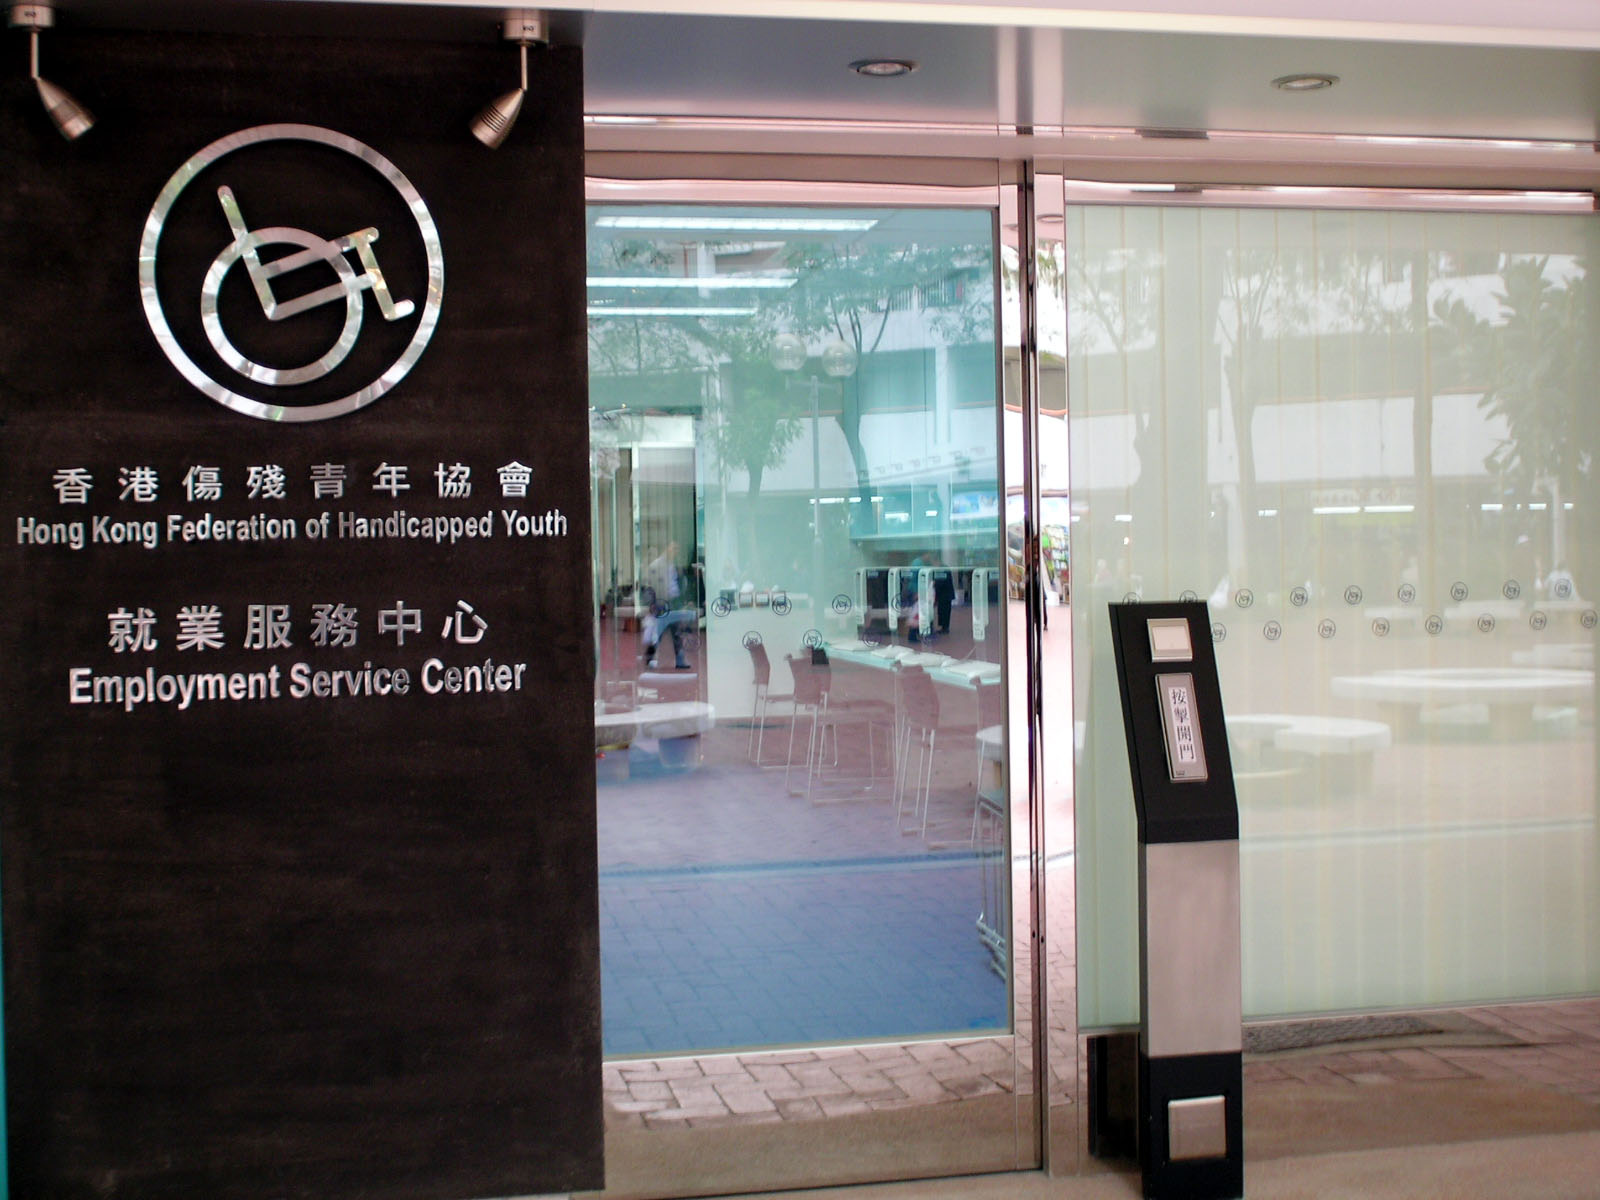 相片 1: 香港傷殘青年協會就業服務中心
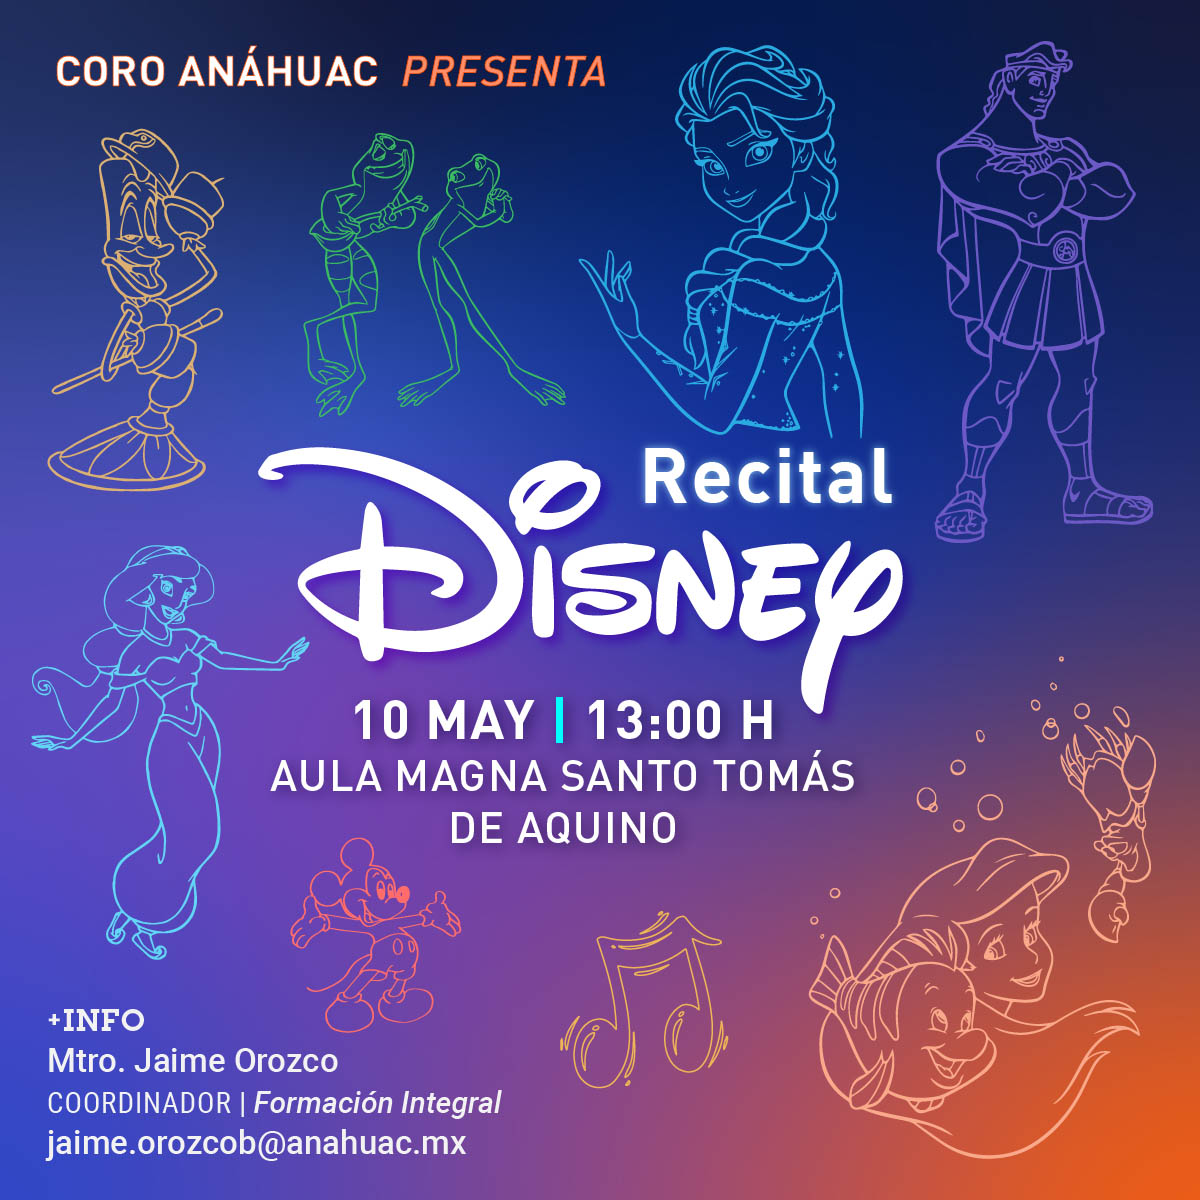 Recital Disney
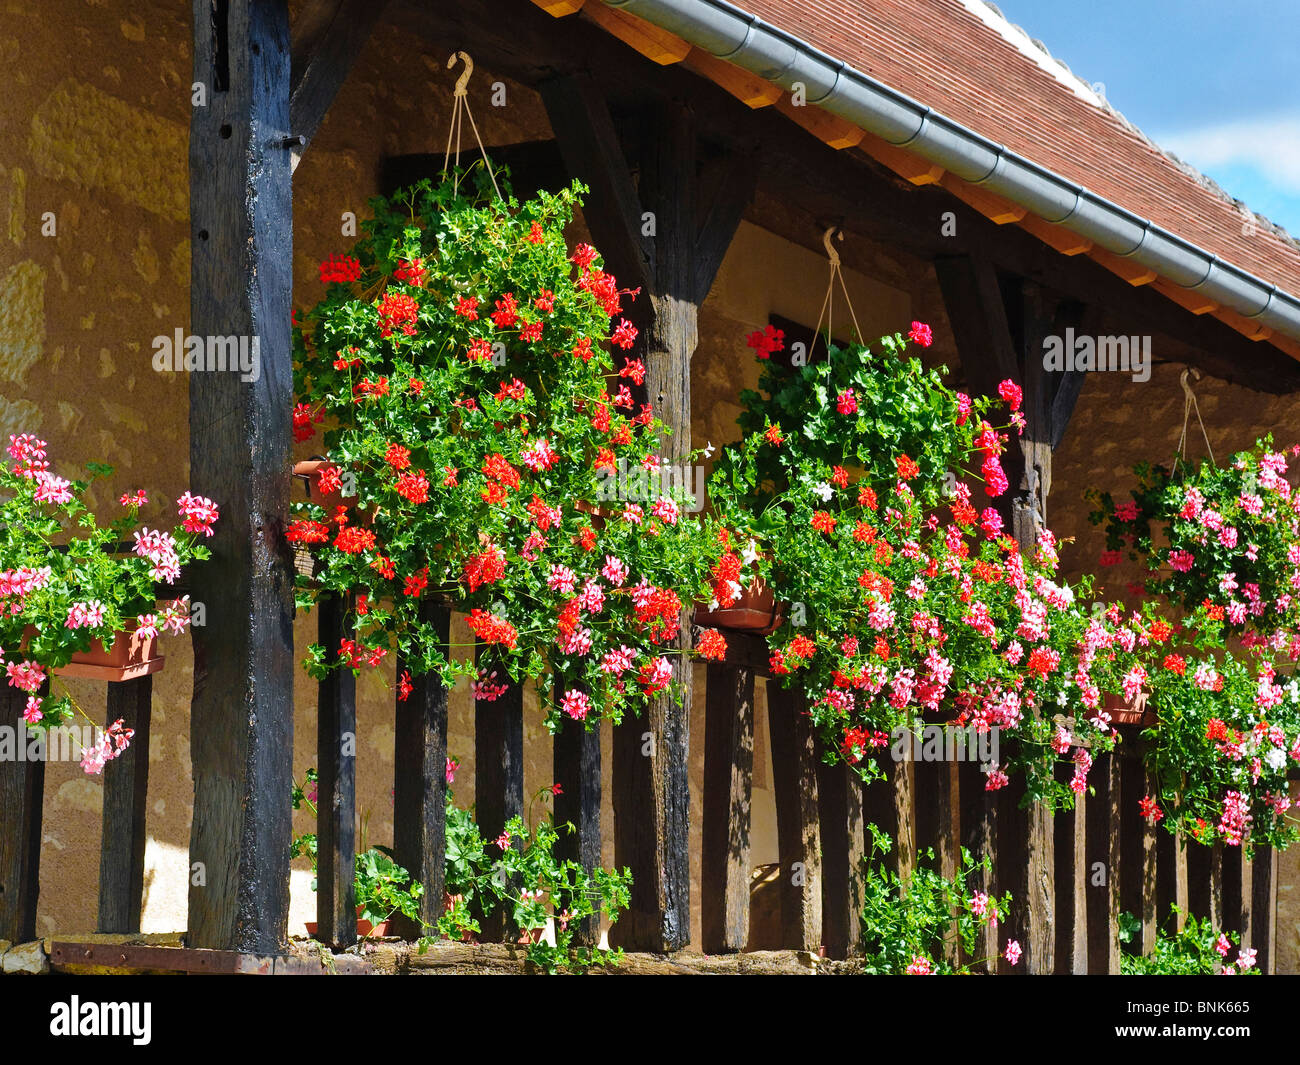 Paniers suspendus et des jardinières sur le balcon en bois de la maison en pierre - France. Banque D'Images
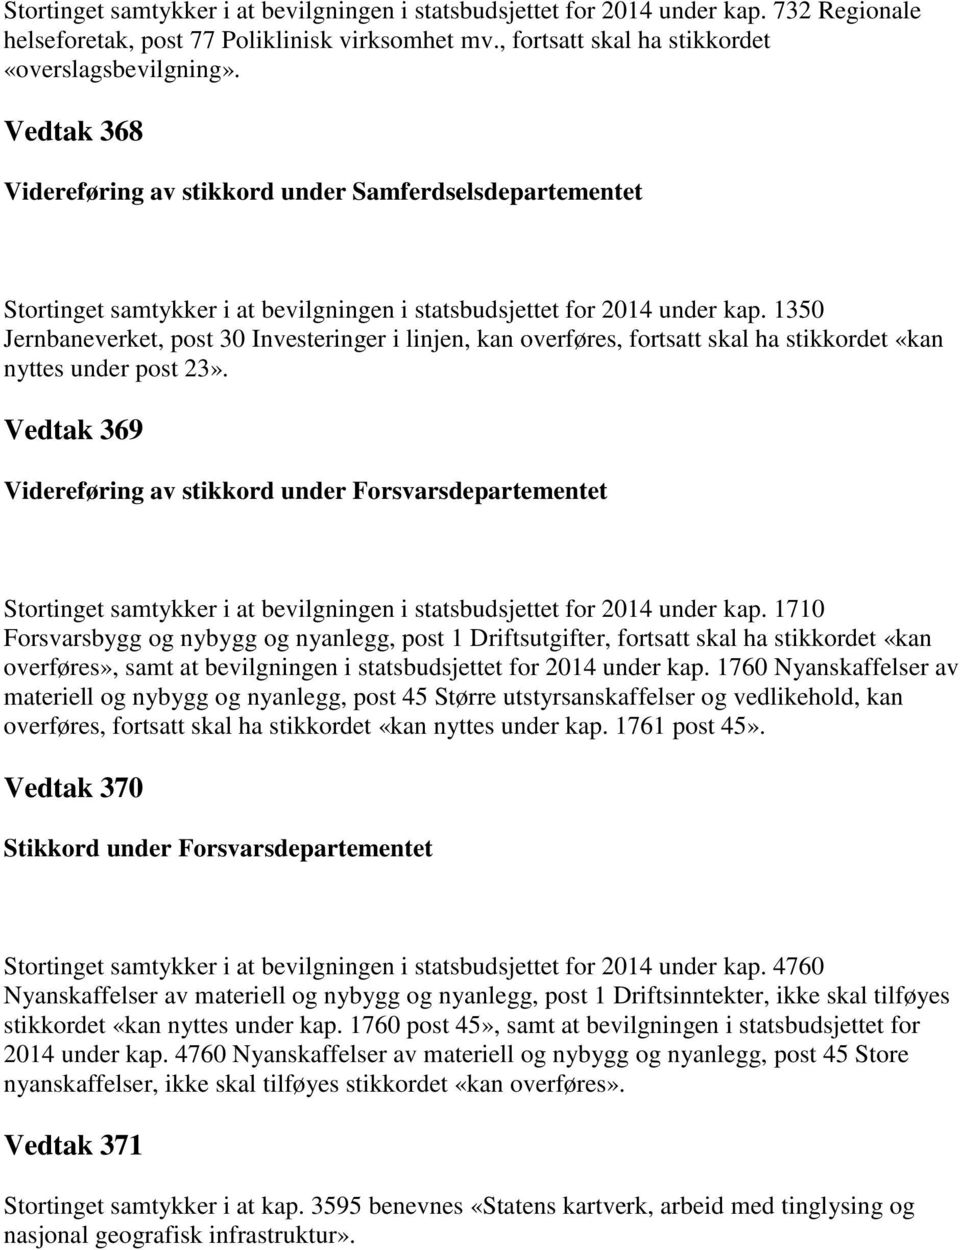 1350 Jernbaneverket, post 30 Investeringer i linjen, kan overføres, fortsatt skal ha stikkordet «kan nyttes under post 23».
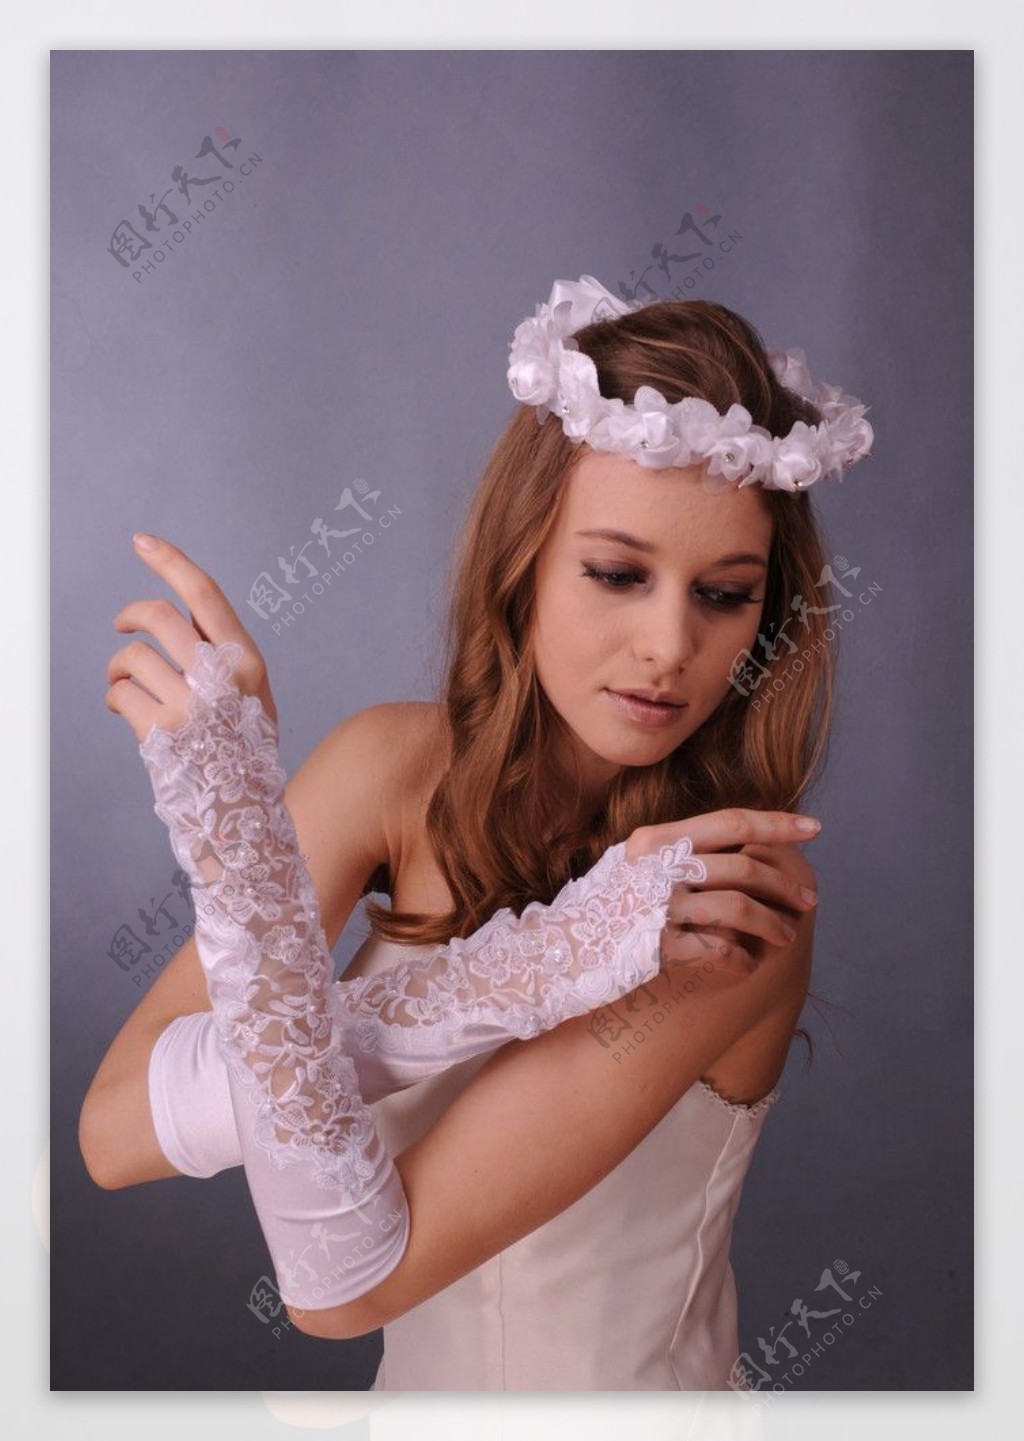 新娘结婚手套 中长款蕾丝婚礼白色手套勾指镂空手套 1070-阿里巴巴

# # #

» Aim of the exercise:
Nothing but the lines from the line containing "Recital Disney" through the end of the records belongs in the answer, written out exactly, both ends included, without pictures.

» Solved exercise:
 Recital Disney
 Paniers suspendus et des jardinières sur le balcon en bois de la maison en pierre - France. Banque D'Images
 1350 Jernbaneverket, post 30 Investeringer i linjen, kan overføres, fortsatt skal ha stikkordet «kan nyttes under post 23».
 新娘结婚手套 中长款蕾丝婚礼白色手套勾指镂空手套 1070-阿里巴巴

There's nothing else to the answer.